Oddly enough, I just located the button the other day by accident - it is on the rear side of the right hand portion of the wheel, about level with the - sound system button.

Best,
Steven


----------



## phaetonjohn (Oct 24, 2014)

Hello,

Sorry to resurrect an old thread, but I do not get the message in the Y24 saying that the steering wheel heating is on. Any ideas?

-John


----------



## seawind3000 (Sep 17, 2010)

Do you press the heated steering wheel button next to the audio buttons on the wheel? It's on the HUB of the steering wheel



Mike


----------



## phaetonjohn (Oct 24, 2014)

Yes I do.

-John


----------



## seawind3000 (Sep 17, 2010)

The "on" msg and icon should come on in the small screen between the tack and speedo. Like msg #15 in this post. Check your fuses for the heated wheel.

Mike


----------



## phaetonjohn (Oct 24, 2014)

Yes... I have the icon in the upper left corner, but no actual message. Could this have been coded off?

-John


----------



## seawind3000 (Sep 17, 2010)

That, I can not answer, does the wheel heat up?

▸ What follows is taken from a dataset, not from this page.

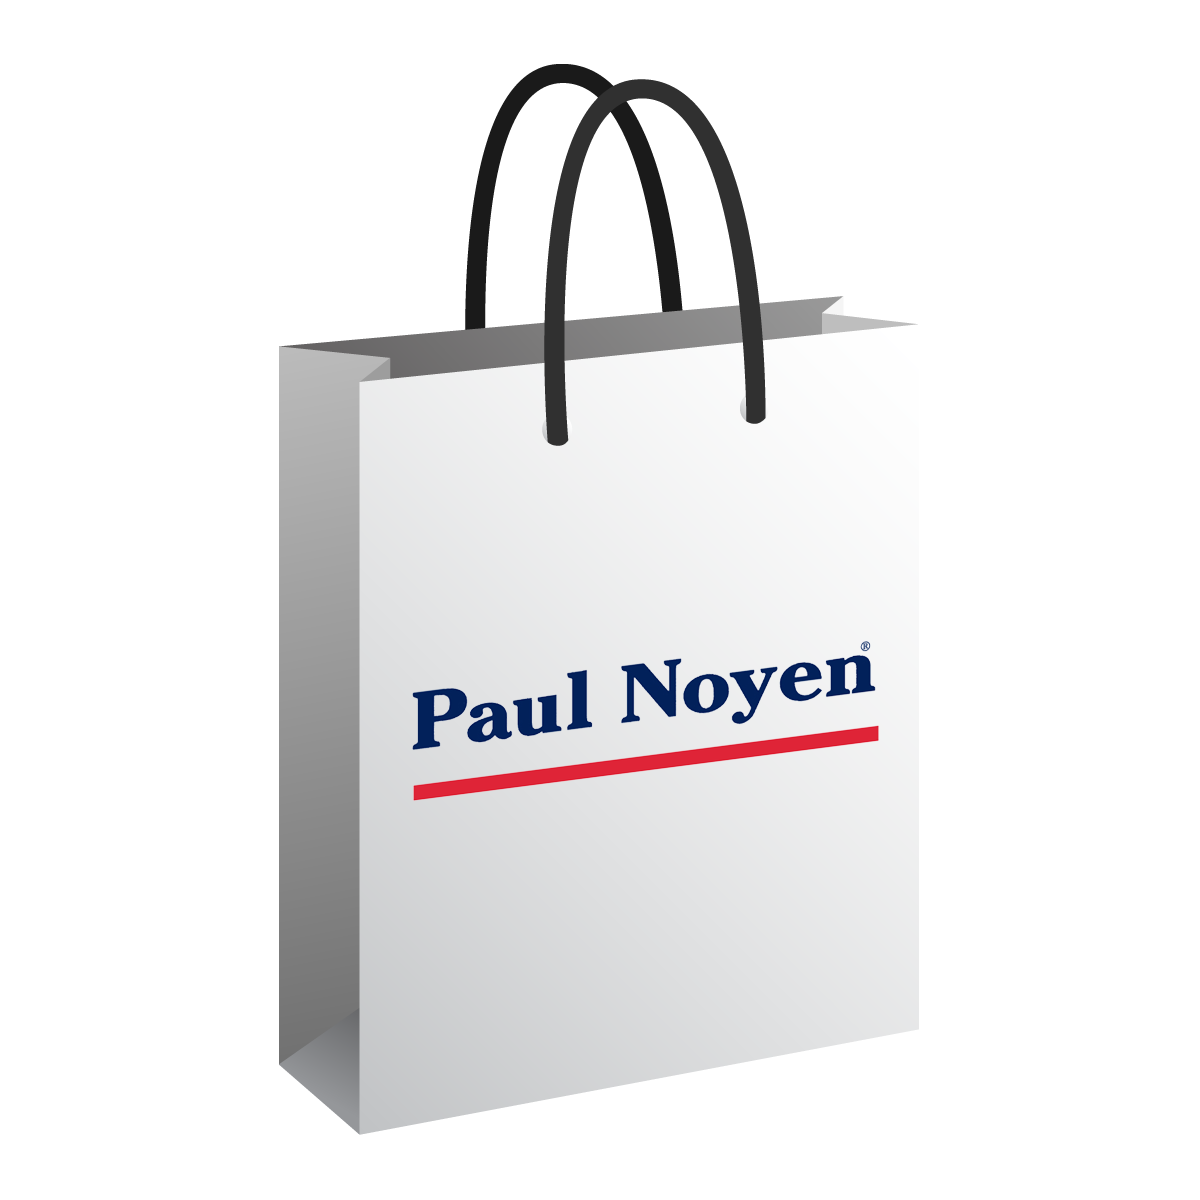 Paul Noyen

My message only comes on for a few seconds then the icon is illuminated to show the wheel heat is on.


Mike


----------



## phaetonjohn (Oct 24, 2014)

Mike,

Yes, it does heat up, and I tried it today. I only get the little icon, but no actual message. Thanks for your help, though!
Glad to see that there's now 4 (that I know of) VWVortex Phaeton owners in Canada! 

-John

_*Michael, where are you?!?!?!*_


----------